Stephanie Müller said that it is frightening to see how well Lindgren's speech still fits in our time today. She believed that this should be read and internalized by people over and over again.

Stephanie Streif of the Badische Zeitung wrote that the little book is dedicated to "a very big, important topic": "children's rights".

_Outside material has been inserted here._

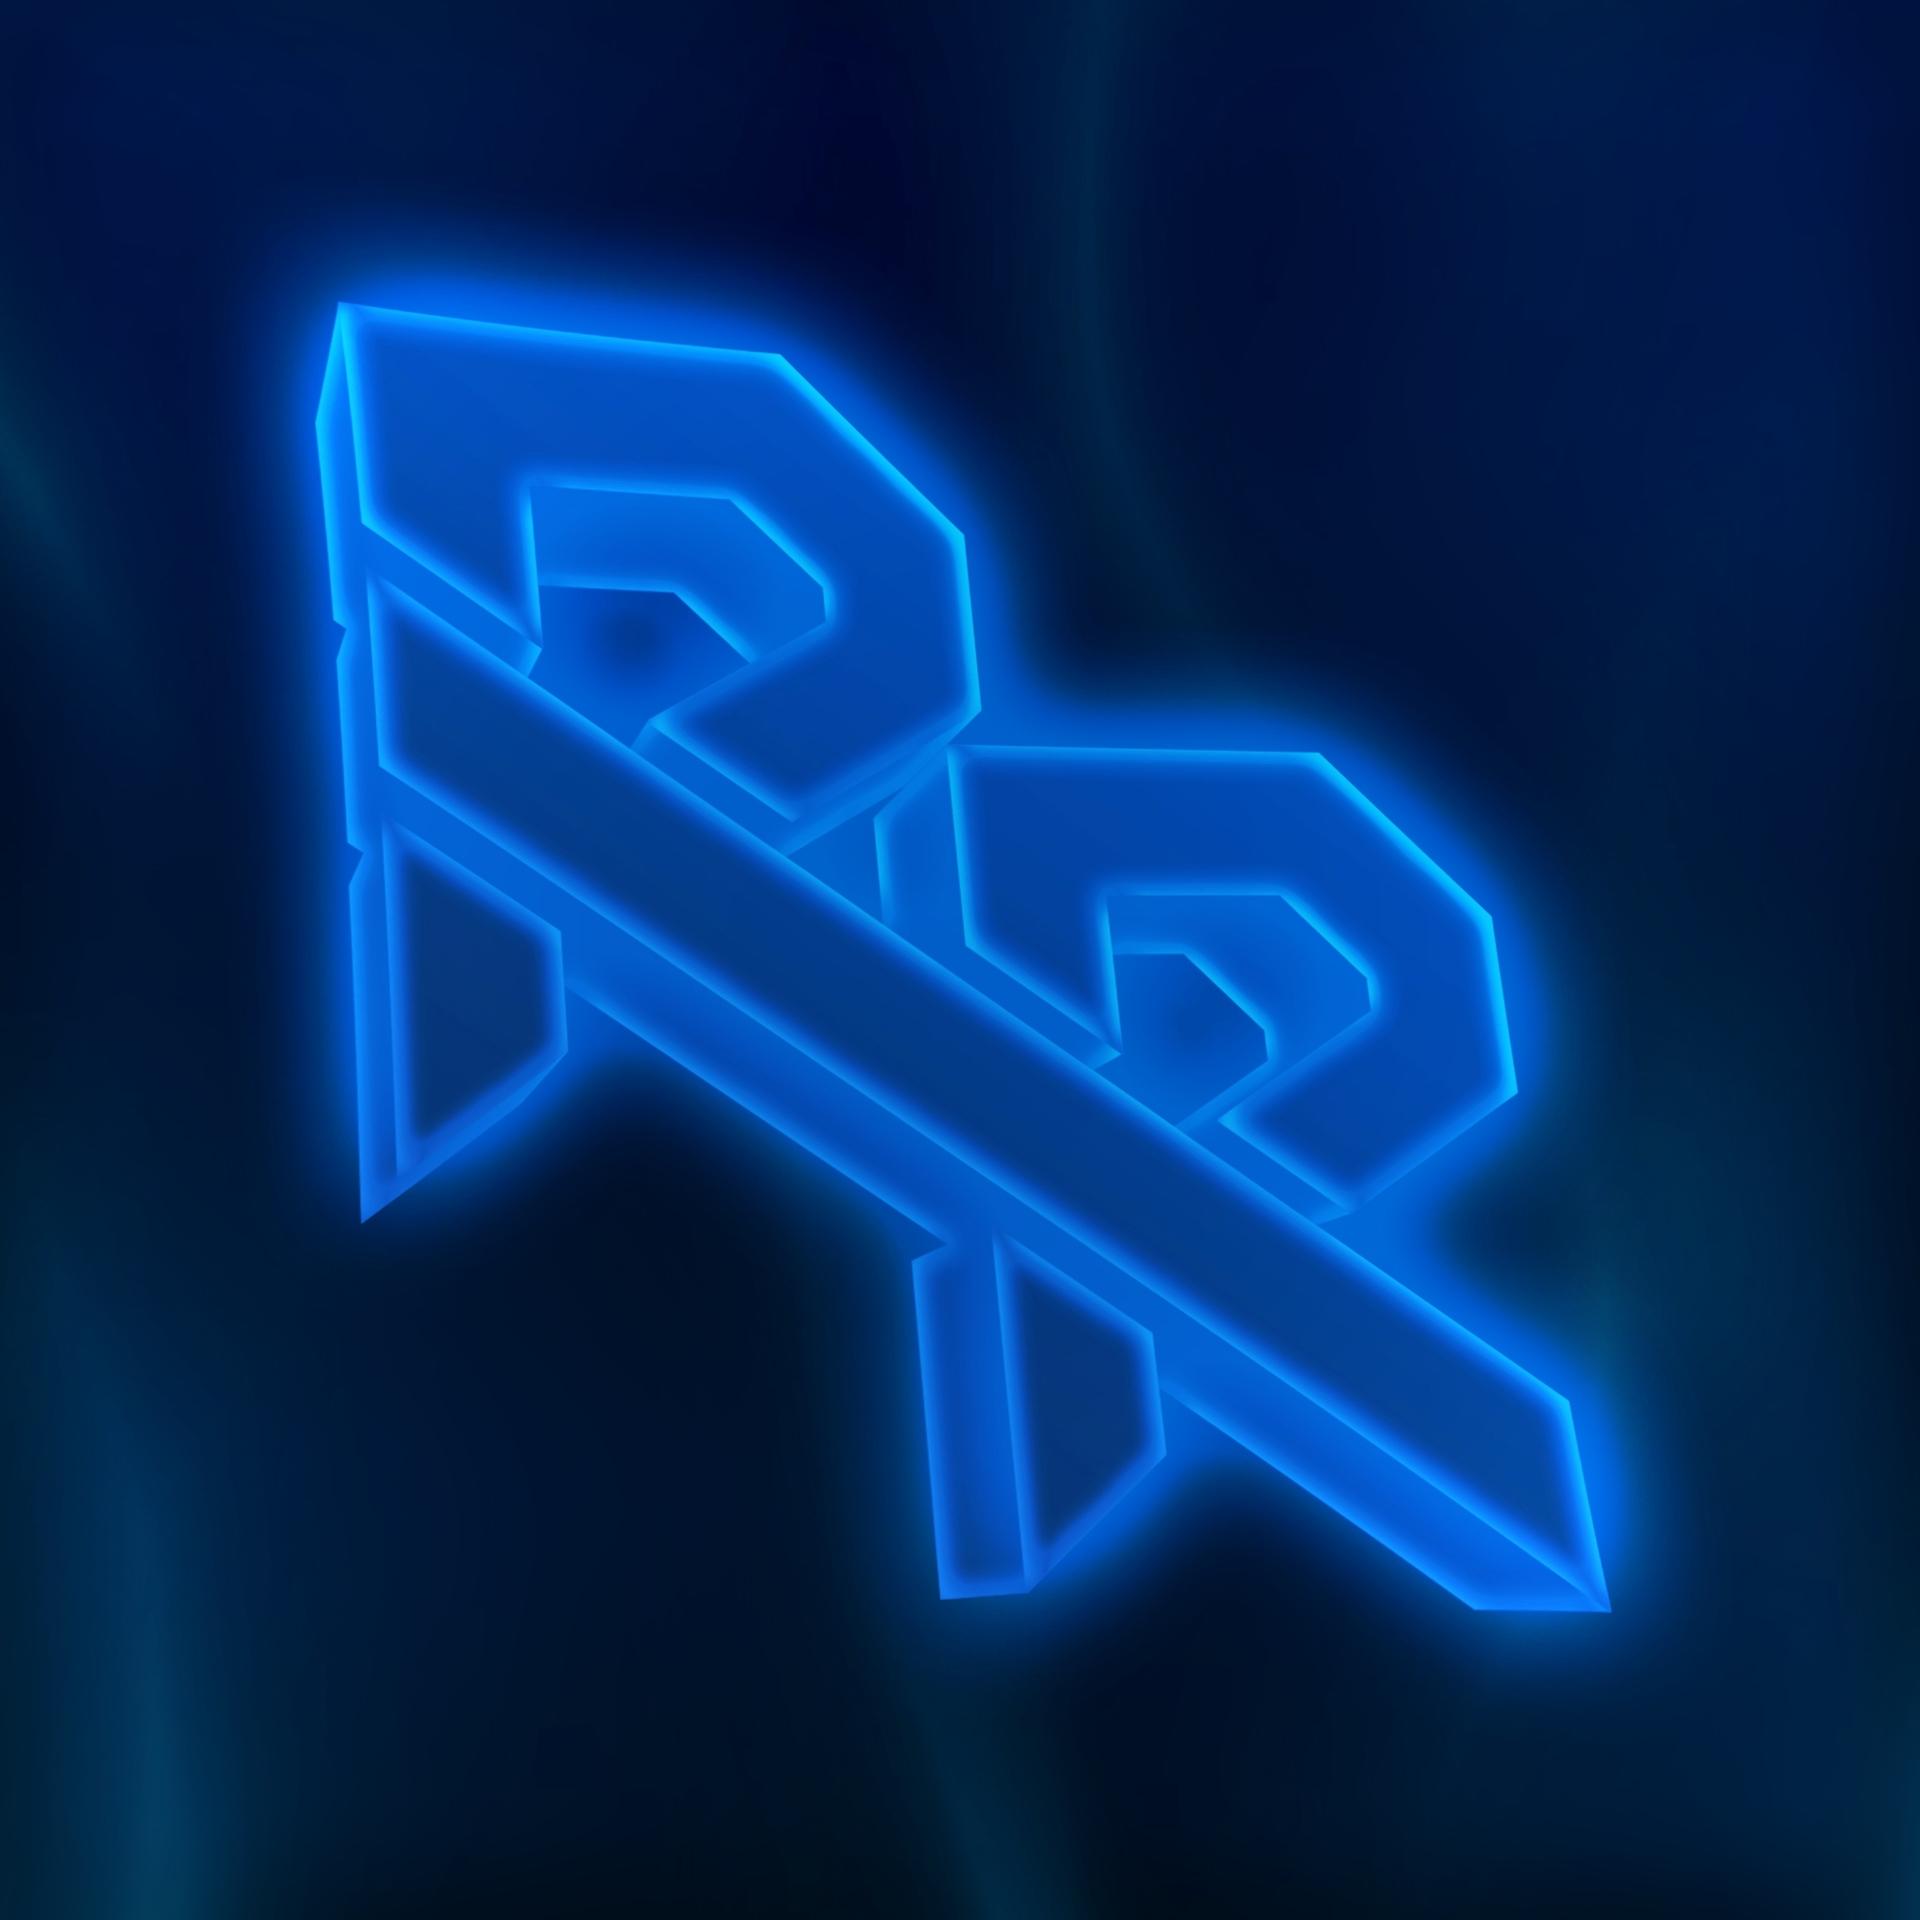 Team RRisk

Luette Lotte found that at first the book seems inconspicuous and small, but its content is deeply moving and makes people think.

=== Editions ===
- Astrid Lindgren (2014): ποτέ βία! (Pote via!, Modern Greek). Tankobon Hardcover. ISBN 9786188119314
- Astrid Lindgren (2015): 暴力は絶対だめ! (Boryoku wa zettai dame) (Japanese). Tankobon Hardcover. ISBN 9784000247894
- Astrid Lindgren (2017): Niemals Gewalt! (German). Friedrich Oetinger Verlag. ISBN 9785001140450
- Astrid Lindgren (2018): Aldrig våld! (Swedish). Astrid Lindgren Text. ISBN 9789187659133
- Astrid Lindgren (2018): Never violence! (English). Astrid Lindgren Text. ISBN 9789177737001
- Astrid Lindgren (2019): Mai violenza! (Italian). Salani. ISBN 9788893817912
- Astrid Lindgren (2019): Net nasiliju! (Russian). Belaja vorona. ISBN 9785001140450
- Astrid Lindgren (2020): Żadnej przemocy! (Polish). Zakamarki. ISBN 9788377761977
- Astrid Lindgren (2021): 폭력에 반대합니다 (Korean). Hugobooks. ISBN 9791186602621
- Astrid Lindgren (2021): ¡Violencia, jamás! (Spanish). Kókinos. ISBN 9788417742454

== Short film ==

Never Violence (original title: Niemals Gewalt) is a short film by David Aufdembrinke. It is based on the story told by Astrid Lindgren during her speech.

=== Plot ===
A boy watches his neighbor baking a strawberry cake. He steals the strawberry cake and eats it, but he is discovered by the neighbour. She brings him to his mother and tells her to punish her son. The mother tells her son to go outside and get a stick. When it gets dark, the boy is still not back. The mother runs into the forest and calls for him, but her son does not answer. Then she runs to the phone. Just when she wants to make a call, her son comes back and says that he is sorry. The mother explains that the most important thing is that he is back. The boy tells his mother he could not find a stick. Instead, he gives her a big stone. He adds that she could hurt him with that too. The mother looks at him in horror, puts the stone aside and hugs her boy. The stone is placed on the windowsill and the words "Never Violence" appear.

=== Background ===
The film crew needed more than a year to develop the film. Later the film was made with a budget of 3,000 euros, within three days in Steinberg-Haff und Emkendorf in Schleswig-Holstein. At first it was considered to relocate history to the present day. The mother should have been a single parent and should have come from a precarious situation, but that would have let into many viewers seeing violence as a problem of others. Instead, the film crew wanted to portray violence from a child's point of view. Director David Aufdembrinke explained that it is a child who does everything to gain his mother's love. He added that it was important for him to demonstrate that children who experience violence perceive it as something completely normal and pass it on to others. If violence is a strange thing for them, one can hope for a peaceful future. The film was released on the International Children's Day on 20 September 2009 by the DAGO Kinderlobby (DAGO Children's Lobby) in cooperation with the Deutsche Liga für das Kind (German League for the Child in Family and Society). These two organizations work for the rights of young people. It was the first film role for the main actor Justus Herold. In 2010, the film was shown at the Sardinia Film Festival in Sardinia. The Stiftung Kinderschutz Schweiz (Swiss Foundation for Child Protection) showed the film on their website during the international No Hitting Day.

=== Reception ===
Sandra Schäfer of the Berliner Morgenpost said that the story would be timeless through the choice of images and the rural environment. In addition, the film would strongly remind the viewer of the world of Astrid Lindgren's characters.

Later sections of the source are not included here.